Page 2
Story: Entity
Ian De Leon is shorter than I thought he’d be.
I’ve only seen him in photographs from before he made all his money, or in the official-looking headshots they use in the news.
Not a single paparazzi shot of him exists, and he doesn’t do interviews.
Not since the Eros model debuted. In fact, for years he’s said he would never appear in public or give an interview again.
Until now.
He’s older than his most recent photo by about a decade, putting him…
mid-forties, I’m guessing. His thick black hair is marked at the temples with streaks of silver.
His jaw is stubbled with five-o’clock shadow, which I suspect is by design.

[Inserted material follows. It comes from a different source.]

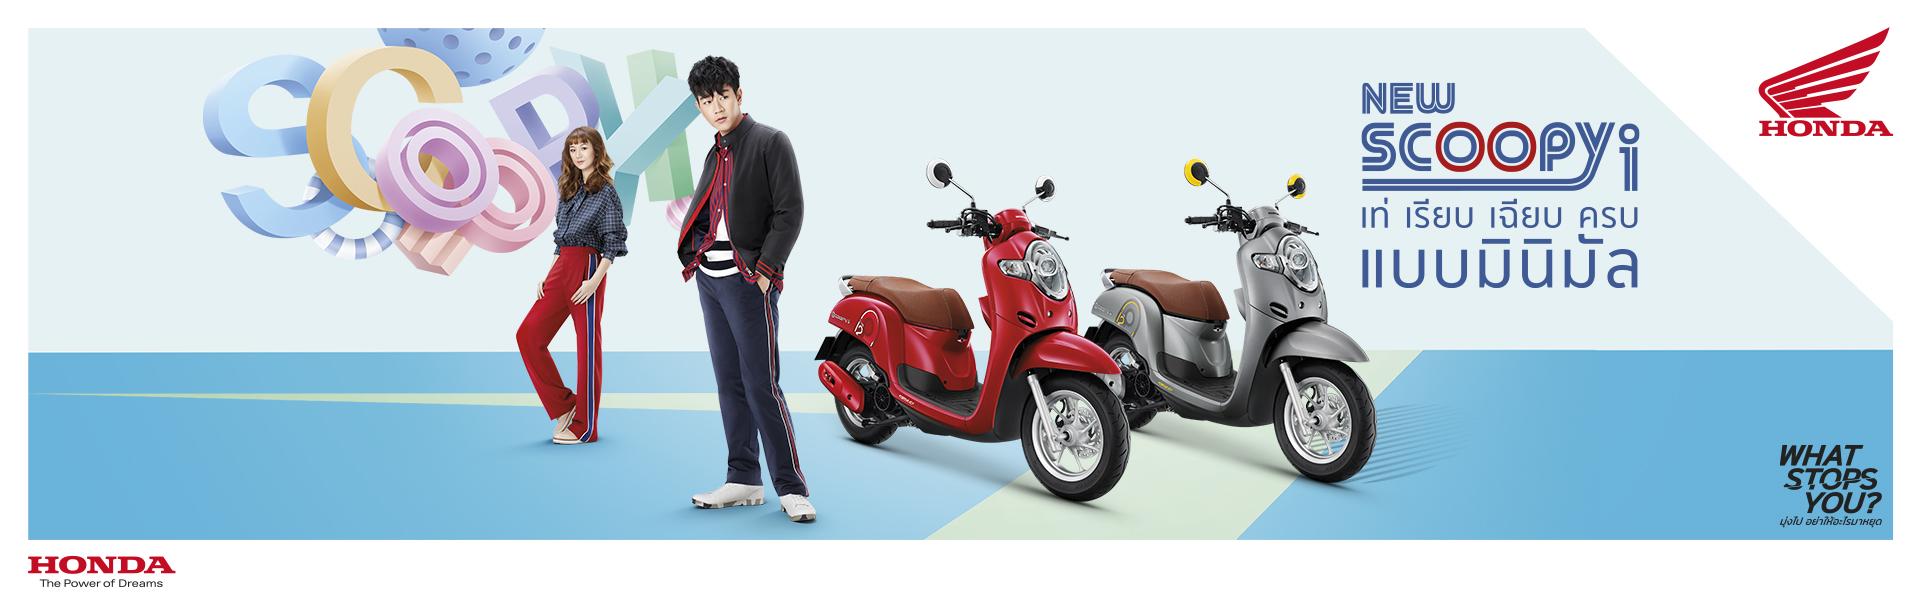 Honda-Motorcycle-มอเตอร์ไซค์-ฮอนด้า-scoopy-i-2018

His collared white shirt hangs open at the throat, revealing a thin gold chain and a hint of chest hair.
A pair of round, gold-framed glasses hang from his shirt pocket.
Everything about him is perfect, clean, curated — just like the penthouse.
Ian De Leon is much better looking in person. And even though I try to ignore it, my heart rate absolutely can’t. He is definitely going to be a problem.
Rain patters the floor-to-ceiling window behind me.
Ian watches me expectantly with dark brown eyes.
And as I move closer, pulse pounding, something in his gaze makes my gut tighten.
He looks like the men I used to serve at cocktail bars: polite at first, even respectful, but deep down I recognize a glint of hunger there.
He clears his throat.
I realize he’s waiting for my answer. I try to relax; I need to chill the fuck out if I’m going to spend the next three days with him. “Whiskey’s fine.”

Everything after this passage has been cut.